I did a lot of “scrapbooking” on Wednesday, as my mentor and I like to say. On Tuesday afternoon and on Wednesday morning, I took pictures of the carbon source experiment and its exciting results! After taking all of the pictures in the photo room with the nice background and camera stand, I cut and taped in all of the photos into my lab notebook. I’m really glad we looked at the experiment when we did yesterday (only 2 hours into it), because the results were much more significant before many of the other tubes oxidized as well. I like having pictures to go along with my observations in my notebook, because Mn oxidation is shown by a color change, which is much easier to see than explain. My mentor took me in the next lab over to watch one of the lab’s primary investigators extract a shipworm out of a piece of wood from Alaska! It was so cool, and looked like fun! I attended a lunch seminar on goal setting. I liked it because sometimes I forget to take a step back and look at the big picture. Taking the time to think about my goals and how I plan to reach them really helps me with that. After lunch, I got back to my conjugation experiment. I suspended the bacterium that was conjugating on a plate for the last few nights into a media broth, and then I plated the different strains on plates that I am leaving out at room temperature for the night. This is the second time carrying out this experiment, and in hopes to not end up with way too many colonies again, I plated multiple concentrations of the conjugation. Hopefully one of the plates will work well, so I can make more of them!

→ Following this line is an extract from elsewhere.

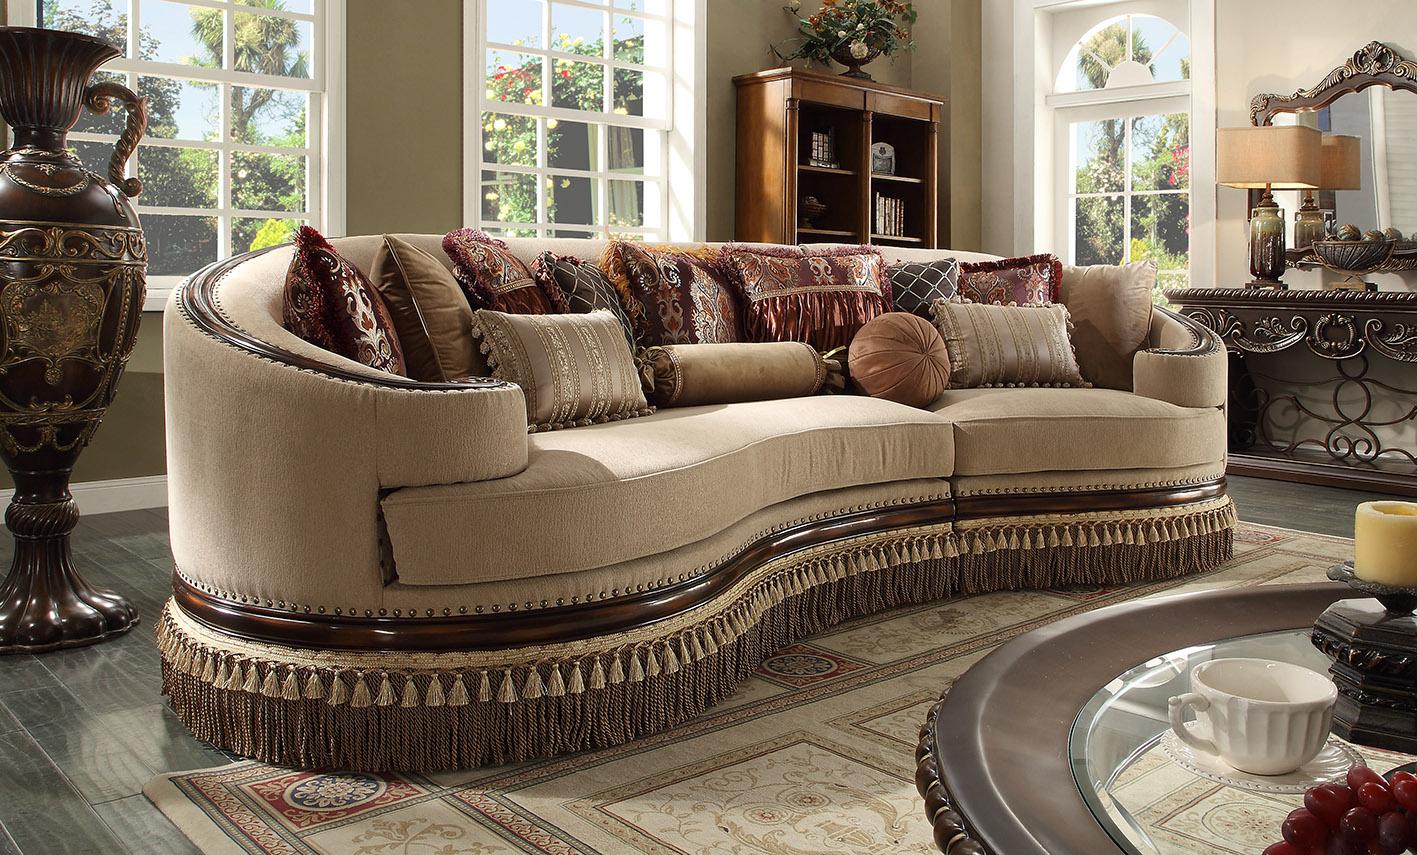 

    
Homey Design HD-1629 Victorian Upholstery Cappuccino Sectional Living Room Set Sofa and two Chairs 3Pcs

Vanessa Green, the woman who makes this undergraduate intern program happen, took the interns to Astoria today! It was SO MUCH FUN! CMOP has a field station in Astoria that shares space with the Clatsop Community College. It was neat to meet the people there because they represented a different side of CMOP than I had been exposed to on the Hillsboro campus. These CMOPers were in charge of the hands-on, mechanical jobs such as collecting data and keeping their instruments calibrated and reliable. They collect data with a glider (a little underwater programmed airplane) that they send on missions in the Columbia River Estuary, and they themselves also dive down to the river floor to collect samples. I enjoyed being introduced to this important branch of CMOP. We had lunch at the Astoria column, and climbed all 164 stairs to the top for an awesome view! After that, we had a guided tour at the Maritime Museum. I had been there multiple times before but I learned more on this tour than any times before because our guide was like a walking history textbook. It was neat to learn more about the background and development of the Columbia River Estuary, since it is home to many of CMOP’s projects. It was really fun to go on this fieldtrip and get a more well-rounded sense of what CMOP does.

On Friday I continued my new conjugation experiment by using the replica-plate to copy my bacteria onto plates containing different media. I also checked on my first conjugation experiment and it seemed to work, although it was hard to tell with the thousands of colonies that looked more like one big smear. I saw a few oxidizing colonies on these plate (little brown specs), which told me that the mcoa gene (one of the two necessary oxidizing genes) was being expressed. This plate was made with the original strain that lacked both of the oxidizing genes. However, since some oxidation was being expressed, I know that the transposon disrupted the gene sequence encoding the negative regulator on the mcoa. YES! That’s just what I wanted to happen. I also continued with the carbon source experiment. Unfortunately, my mentor and I had a hard time quantifying the amount of protein in each of the tubes of various carbon sources, which makes quantify manganese oxidation unreliable. This is a glitch in the experiment my mentor and I will need to sort out soon.

That was a fun second week! I really feel like I’m getting more comfortable, and more confident!